Libretos lança livro Governar na Crise, de Marco Weissheimer

WALMARO PAZ
Dois anos depois do governo Sartori ter colocado o Rio Grande do Sul neste buraco negro da crise onde não aparece nem mesmo uma chama de vela no fim do túnel, vale a pena a leitura do livro “Governar na Crise” (Um olhar sobre o governo Tarso Genro – 2011/2014), de Marco Weissheimer, que será lançado pela Libretos na segunda-feira (6), no Clube de Cultura, as 19h30min.maarco
A obra de 222 páginas do repórter do site Sul21 é uma análise que serve de contraponto às propostas catastróficas de governabilidade que estamos vivenciando. Não se trata de uma apologia do governo Tarso, mas uma análise crítica sobre as duas propostas de governo que vem se alternando no Palácio Piratini desde o final da ditadura: o neoliberalismo baseado em dados contábeis e no combate ao déficit fiscal ou a implementação de políticas públicas de crescimento das economias familiares, com salários justos e pagos em dia que movimentam a economia do Estado.
Já na apresentação, onde o autor tenta responder as perguntas: “O que é governar? Para que serve um governo? Qual a medida para avaliar se um governo é bom ou não? ” – fica clara a sua intenção. Com a citação do economista texano James K. Galbraith que faz uma crítica profunda ao projeto neoliberal citando a história dos Estados Unidos e mostrando que o desenvolvimento da potência do norte foi financiado totalmente com a dívida pública e o “ saneamento” desta dívida levou a grande recessão.

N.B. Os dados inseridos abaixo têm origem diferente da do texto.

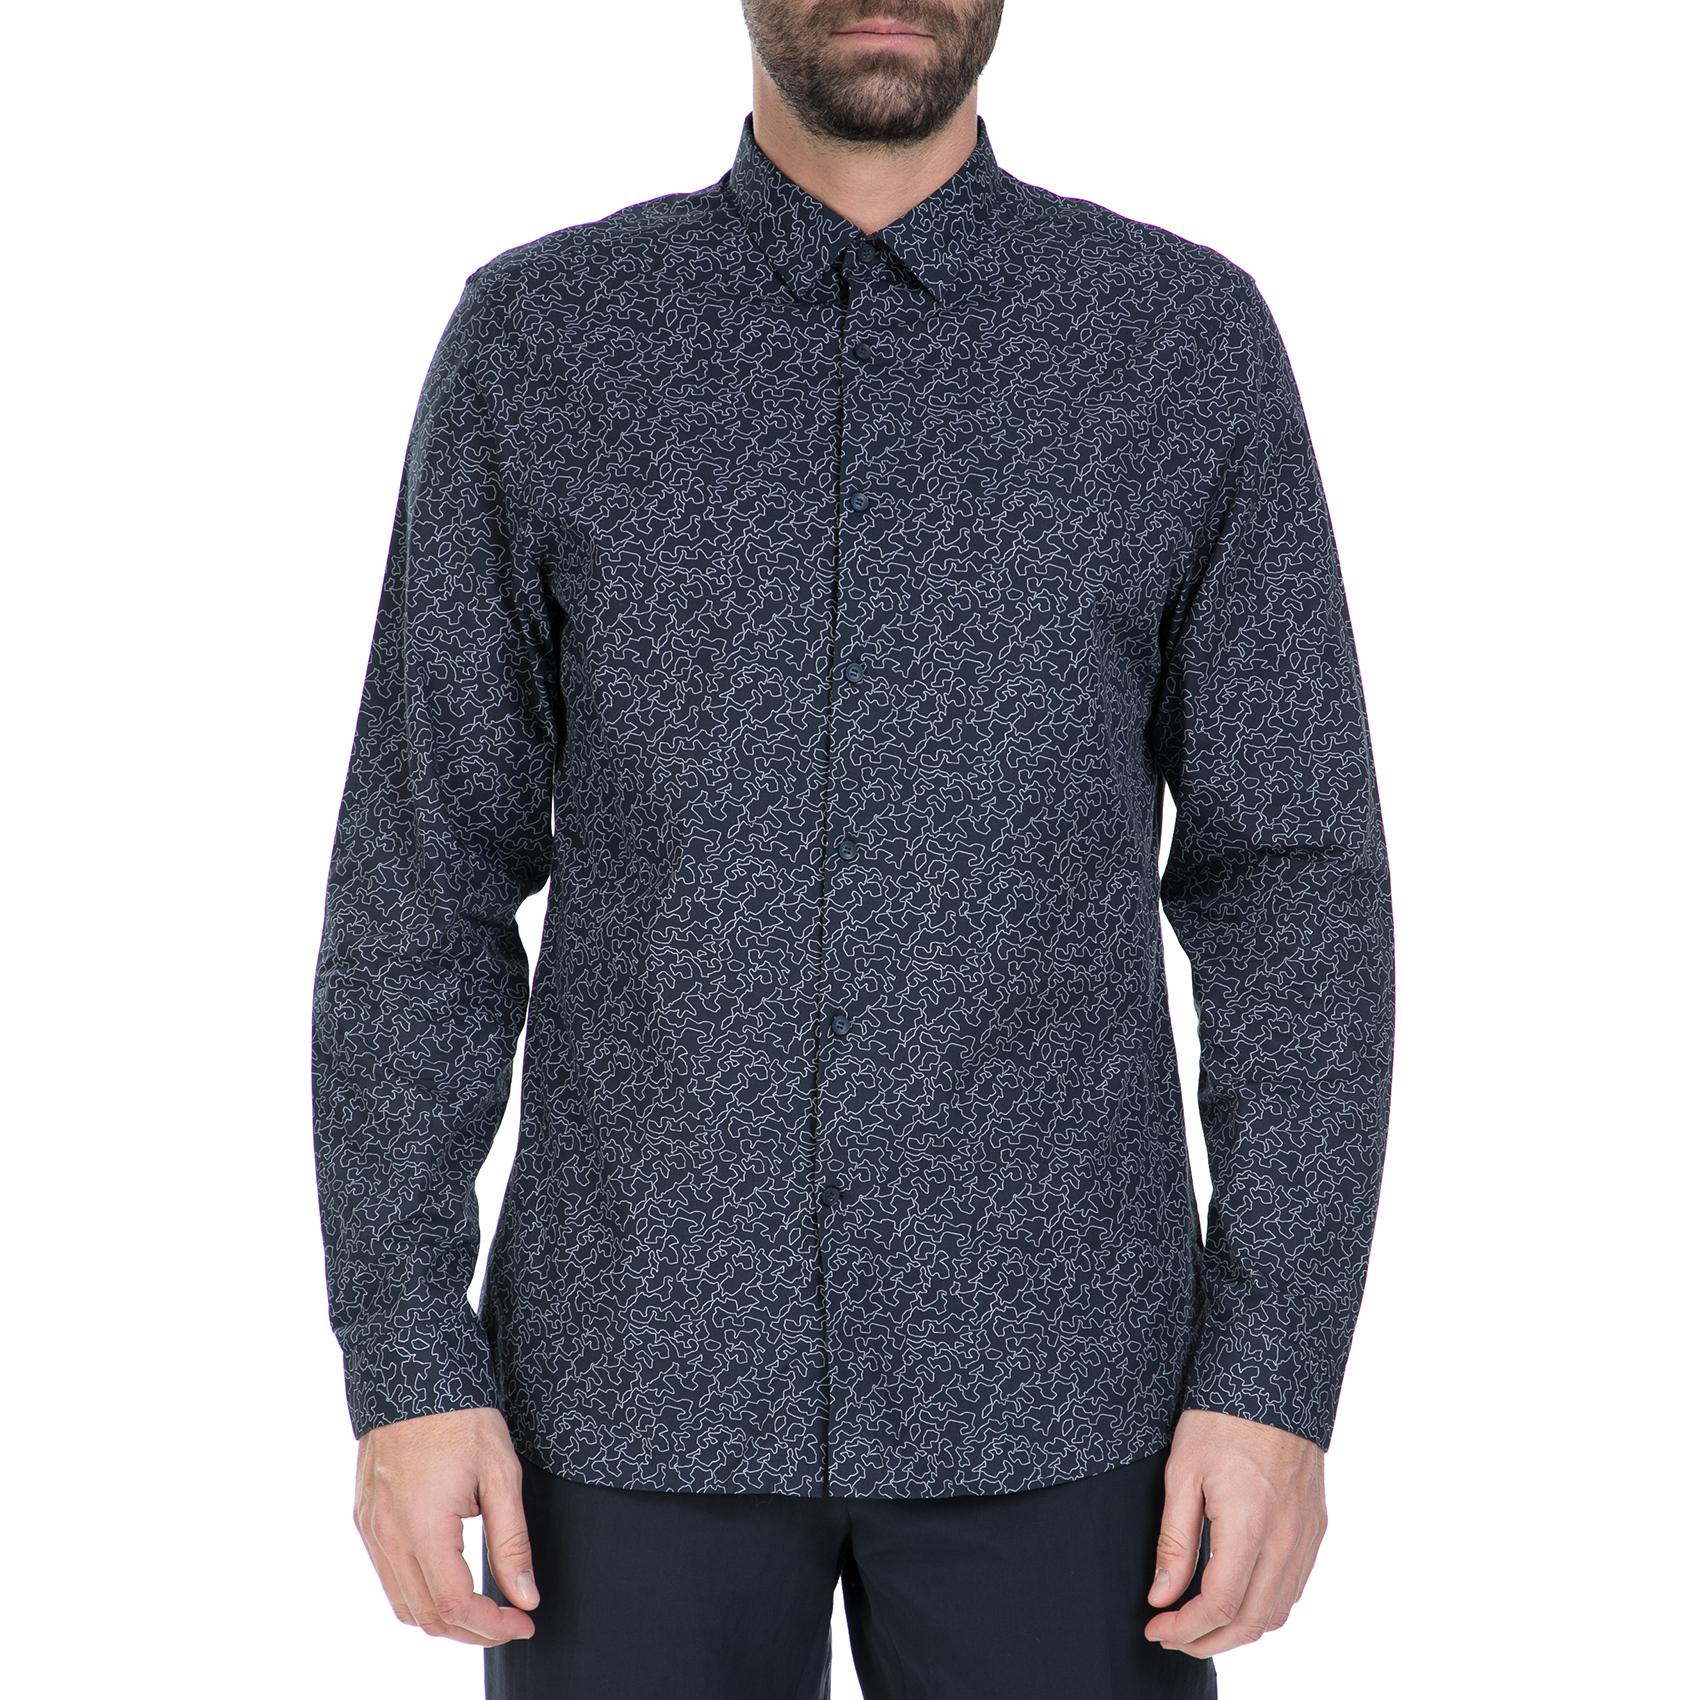 9a3621d47351 CK - Ανδρικό πουκάμισο CK WALLACE μπλε με μοτίβο

Segundo ele, “a receita de que é possível cortar o gasto público sem cortar a atividade econômica é completamente falaciosa, como mostra bem a realidade vivida por vários países europeus nos últimos anos”. E cita Galbraith: “Em todos os lugares em que foi aplicada, a austeridade produziu mais austeridade, mais desigualdade, mais concentração de renda…”
Seu maior argumento é dado pela aprovação das contas de Tarso no Tribunal de Contas do Estado relatado pelo ministro ex-peemedebista, Algir Lorenzon; “Ele sacou bastante do Caixa Único? Sacou, é verdade, mas aplicou mais do que qualquer outro… na educação, na saúde, no pagamento dos precatórios, no reajuste aos servidores públicos, no pagamento em dia desses servidores e na reposição de pessoal das áreas de segurança, saúde e educação”.
Enfim, o livro merece uma leitura atenta nestes tempos difíceis. Como anexo, nas suas últimas páginas o autor colocou o programa de governo elaborado em 2010, depois de ter entrevistado vários gestores dos diferentes setores do governo Tarso, permitindo uma comparação entre o que foi executado e o que estava programado.